L’amore non solo non ha un soggetto, ma non ha nemmeno un oggetto; non si può affermare: “Ti amo”, si può invece affermare: “C’è amore”.
L’amore non è un sentimento, non un’emozione, non un pensiero: tutto questo non centra niente con la natura reale dell’amore, semplicemente lo rappresenta, e non sempre, non comunque.
L’amore è uno stato di coscienza, una condizione dell’essere, una comprensione operante.

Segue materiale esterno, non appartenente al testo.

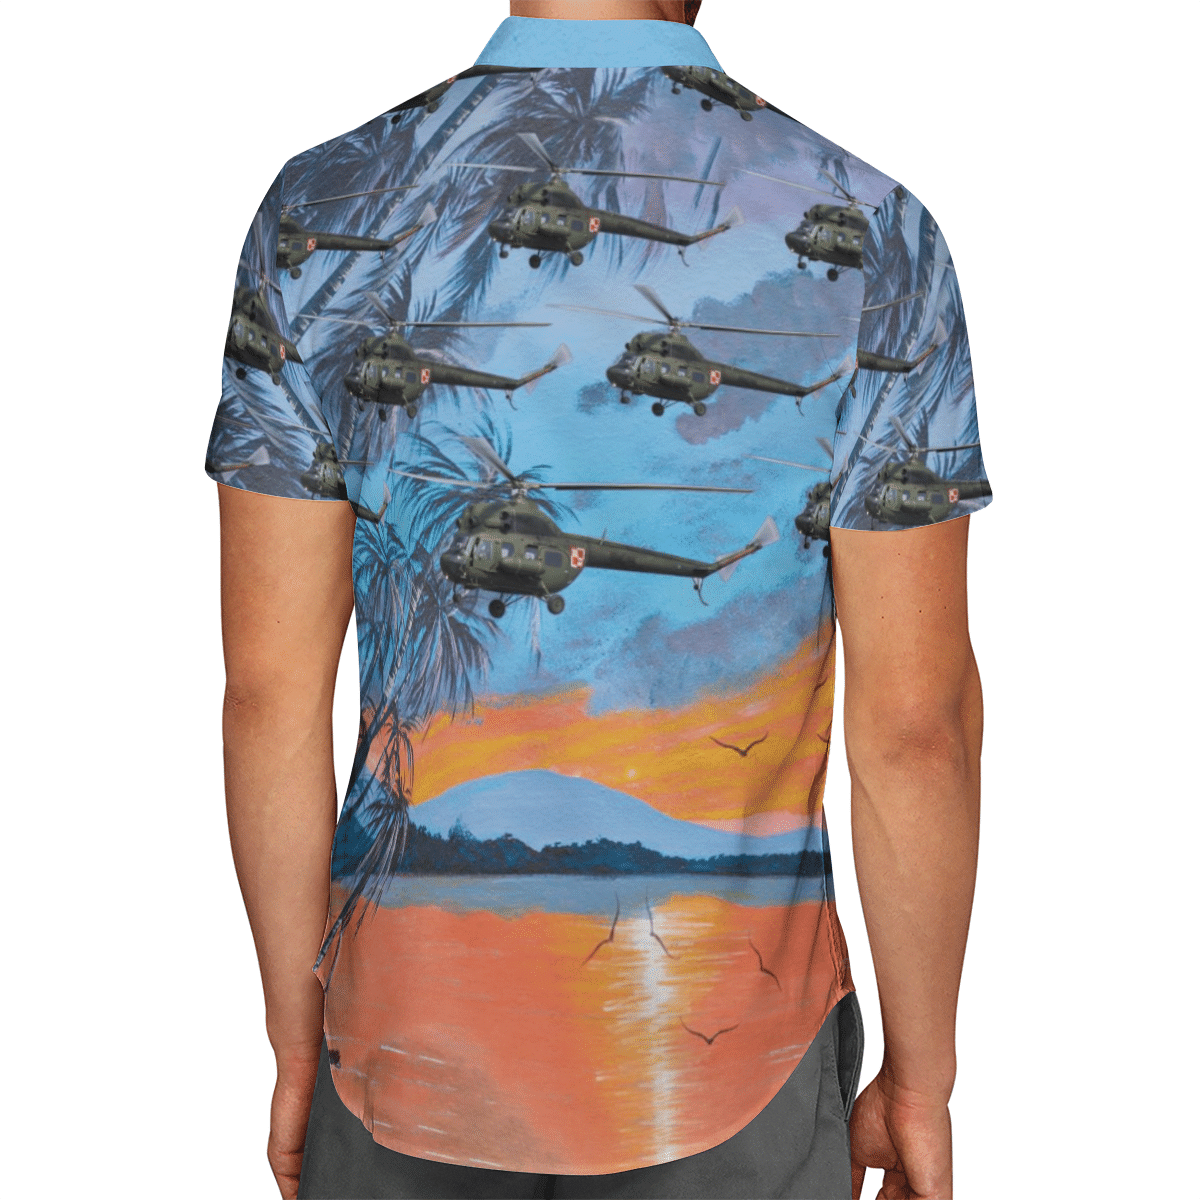 Going to the beach with a quality shirt 188

Certo, nel suo essere esperienza si veste di pensiero e di emozione ma la sua natura non è quella, non bisogna scambiare la forma per la sostanza, la forma è l’abito della sostanza, della comprensione.
L’amore non è rivolto a qualcuno e non è di qualcuno: là dove c’è amore, non c’è possesso.
L’amore conduce alla scomparsa dell’amante e dell’amato e lascia che affiori soltanto l’esserci unitario della realtà.
L’amore, nell’umano, diviene compassione: pieno inchinarsi di fronte alla natura delle persone e dei fatti; piena accoglienza, piena comprensione; piena vicinanza.
Infine, l’amore diviene esperienza così semplice e feriale da divenire non riconoscibile: diviene il semplice “prendersi cura”, piccoli gesti che nulla di eclatante hanno, che nulla chiedono, che nulla si attendono.
L’amore diviene semplice servire.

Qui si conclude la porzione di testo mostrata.